Definisi penulis sendiri sebetulnya tidak menentu. Apakah penulis itu harus seseorang yang
pernah dan terus mempublikasikan karyanya?
Apakah seorang kutu buku di sekolah yang hanya menulis draft novel di
laptop dan tidak pernah mengunggahnya juga disebut penulis? Apakah seorang penulis fanfiksi yang
menggunakan visualisasi dan nama tokoh nyata itu disebut penulis? Apakah seseorang yang setiap hari hanya
menulis jurnal harian dalam buku diari disebut penulis?
Menurut saya, penulis adalah seseorang yang memang
mendeklarasikan dirinya sebagai penulis.
Apakah pendapat orang lain penting?
Penting, namun menurut saya tidak harus menjadi bagian dalam keputusan
diri sendiri.
Saya suka heran dengan orang-orang yang sama seperti saya,
namun artikelnya lebih cepat dan banyak terbit di media massa. Terkadang yang saya sayangkan, materi tulisan
mereka tidak begitu ‘berbobot’. Mengapa
mereka yang diunggah, saya tidak? Betapa
beruntungya mereka?
Ah, namun saya bisa apa.
Saya akhirnya sadar, banyak orang yang terjun ke dunia blog karena
mereka bebas menciptakan konten mereka sendiri.
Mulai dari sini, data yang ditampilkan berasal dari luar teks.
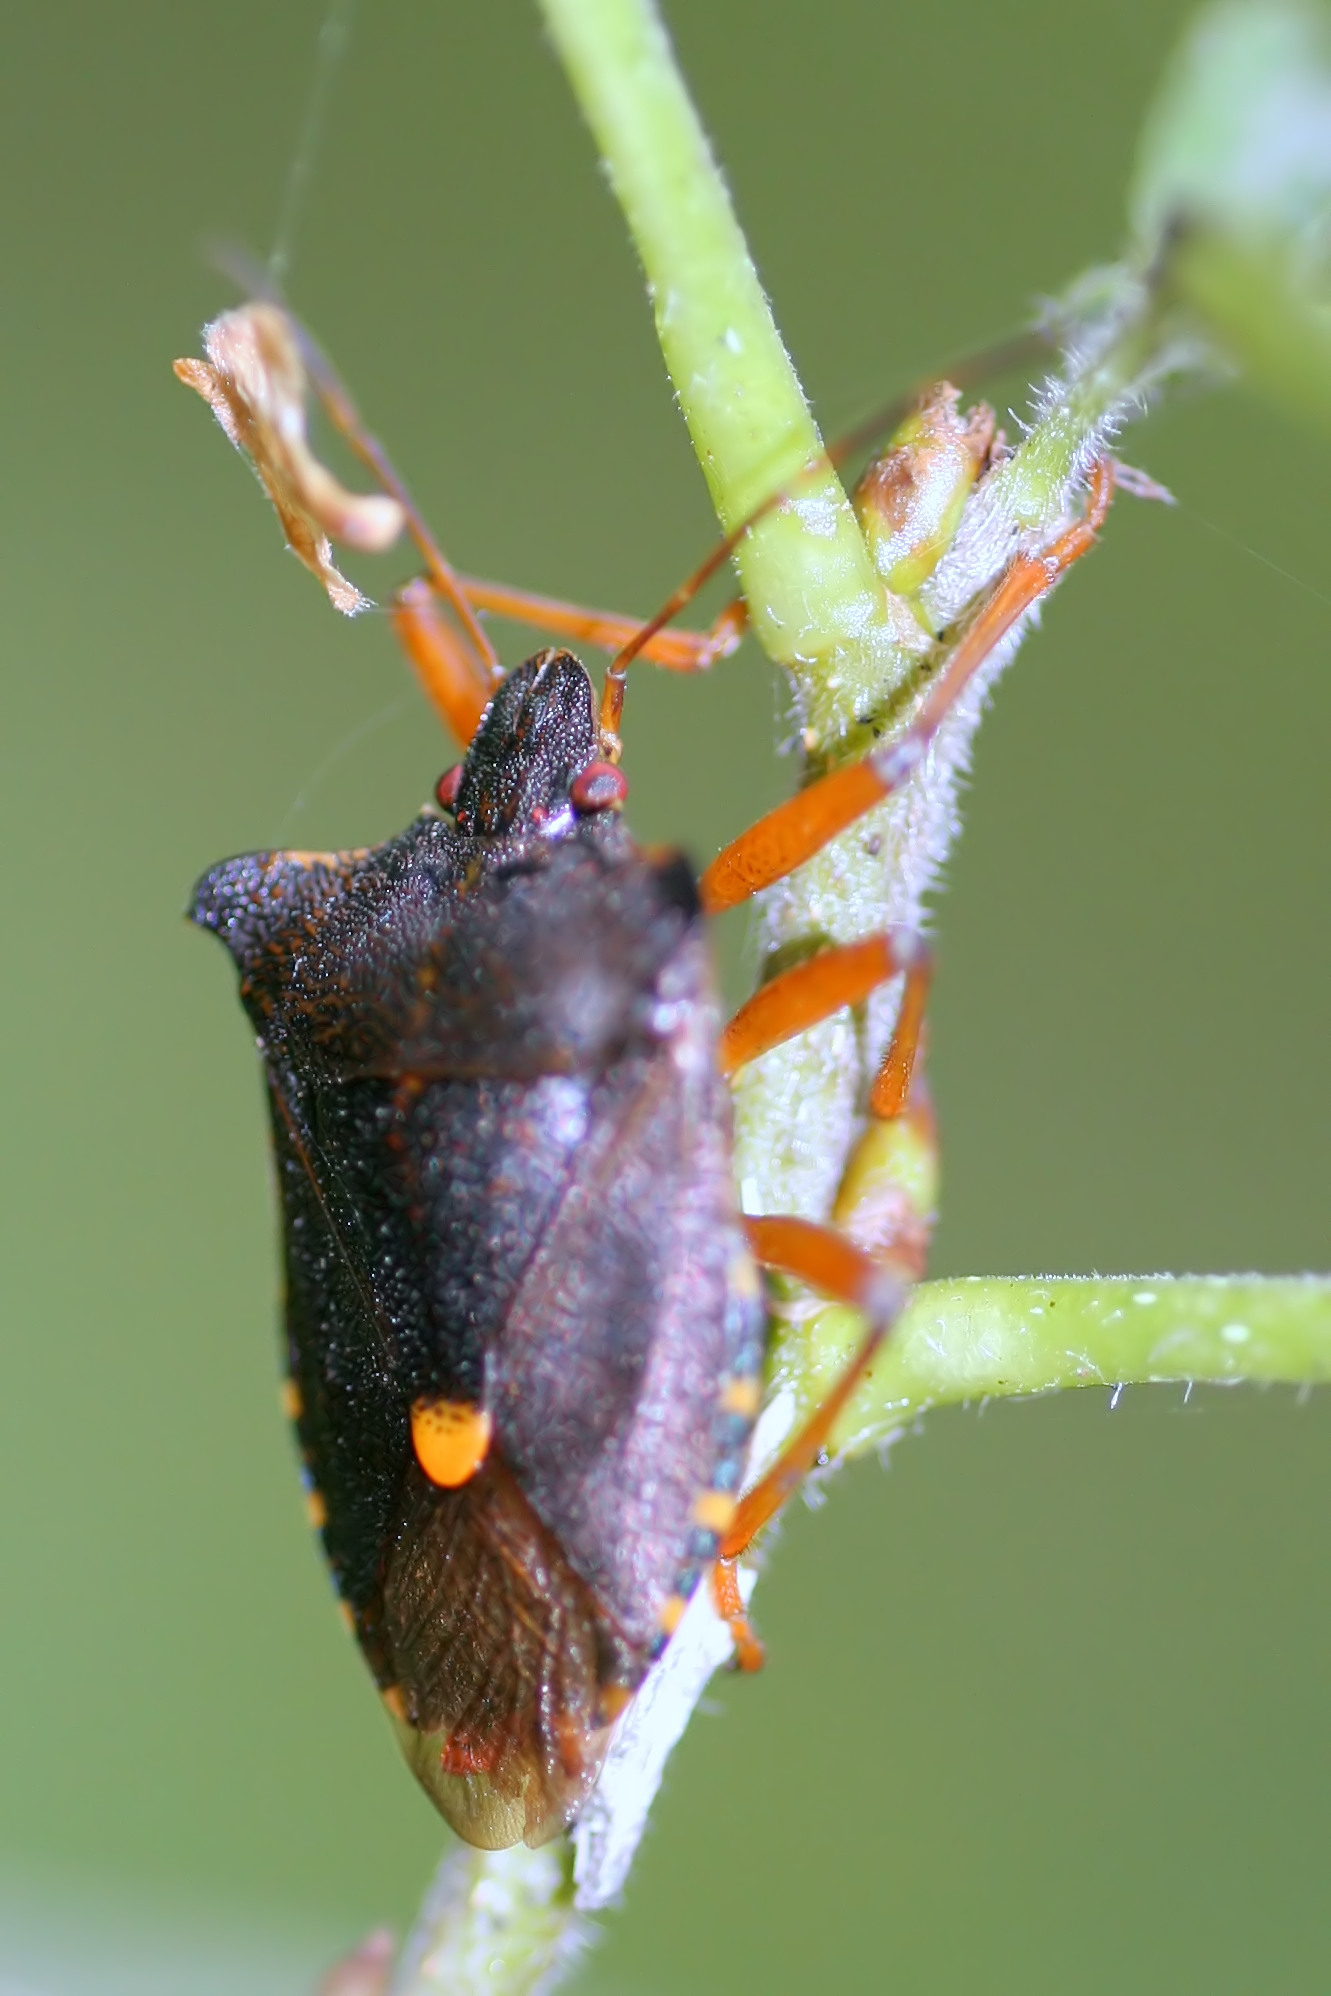 Tarczówka rudonoga (Pentatoma rufipes)

Mereka pulalah admin atau ‘tuhan’ dalam blog mereka, bebas menentukan
mana yang hendak diunggah.
Melihat betapa saya tidak terlalu sukses dalam dunia menulis
di media massa, sepertinya saya harus kembali setia kepada blog pribadi saya
ini. Ya, sapa seperti judul blog saya,
tempat ini adalah private haven. Tempat
yang bisa saya atur sesuka hati dengan konten apa saja yang saya mau.
Tidak, saya tidak akan menyerah dalam karir menulis di media
massa saya. Walau, harus saya akui hal
tersebut melelahkan. Namun saya ingin
lebih banyak menulis dalam blog pribadi saya.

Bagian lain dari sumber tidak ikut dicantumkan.